После сего Иисус пошел в город, называемый Наин; и с Ним шли многие из учеников Его и множество народа. Когда же Он приблизился к городским воротам, тут выносили умершего, единственного сына у матери, а она была вдова; и много народа шло с нею из города. Увидев ее, Господь сжалился над нею и сказал ей: не плачь. И, подойдя, прикоснулся к одру; несшие остановились, и Он сказал: юноша! тебе говорю, встань! Мертвый, поднявшись, сел и стал говорить; и отдал его Иисус матери его. И всех объял страх, и славили Бога, говоря: великий пророк восстал между нами, и Бог посетил народ Свой.

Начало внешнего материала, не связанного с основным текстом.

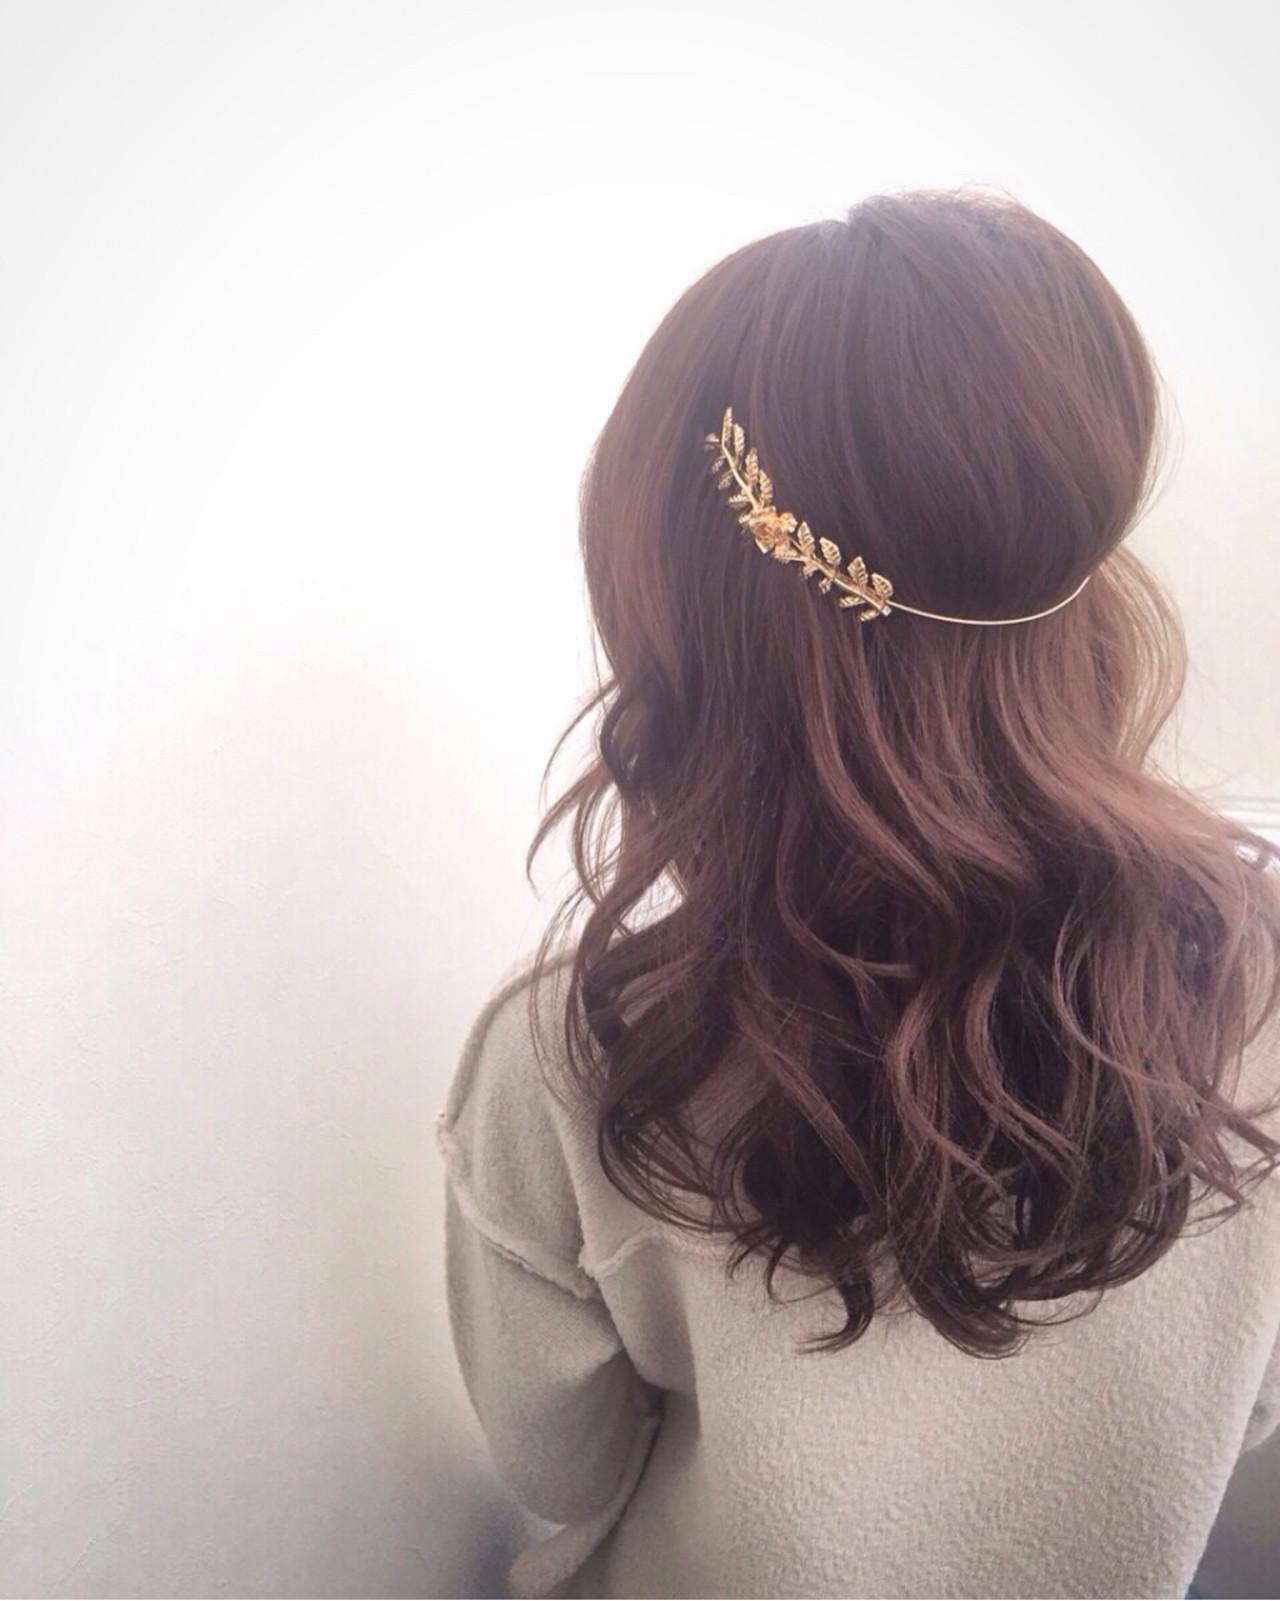 """うしろ姿にドキッ♡おしゃれなヘアアクセなら""""バックカチューシャ""""で決まり ryota kuwamura  函館/hair make Full throttle/ フルスロットル"""

Подходя к городу Наин, Христос встретил похоронную процессию, остановил ее, а затем воскресил юношу, которого несли к месту упокоения. Это чудо было проявлением естественного чувства жалости и сострадания Христа к несчастной женщине, оставшейся совершенно одинокой. Он был тронут ее горем. Здесь не было места покаянным мольбам, вопрошанию о вере, исповеданию мессианского достоинства Иисуса, как это было в других случаях. Перед воскрешением умершего юноши Спаситель обращается к Наинской вдове с утешением. Он говорит ей одно только слово: «не плачь». И после этого сразу же возвращает юношу к жизни, отдавая его матери.
Этот небольшой евангельский отрывок говорит нам о том, что христианин по примеру Спасителя не должен терять естественного чувства жалости к страдающим людям. Часто случается так, что человек, становясь верующим, не только не приумножает в себе любви к окружающим, но еще и теряет ту естественную способность к простому сопереживанию, которую имел до своего воцерковления. Почему это происходит? Каким образом церковный образ жизни укрепляет в человеке эгоизм? Где истоки того процесса, который незаметно приводит личность к изъянам фанатичной религиозности? Все это далеко не праздные вопросы. Христос неоднократно предупреждал Своих учеников от закваски фарисейской.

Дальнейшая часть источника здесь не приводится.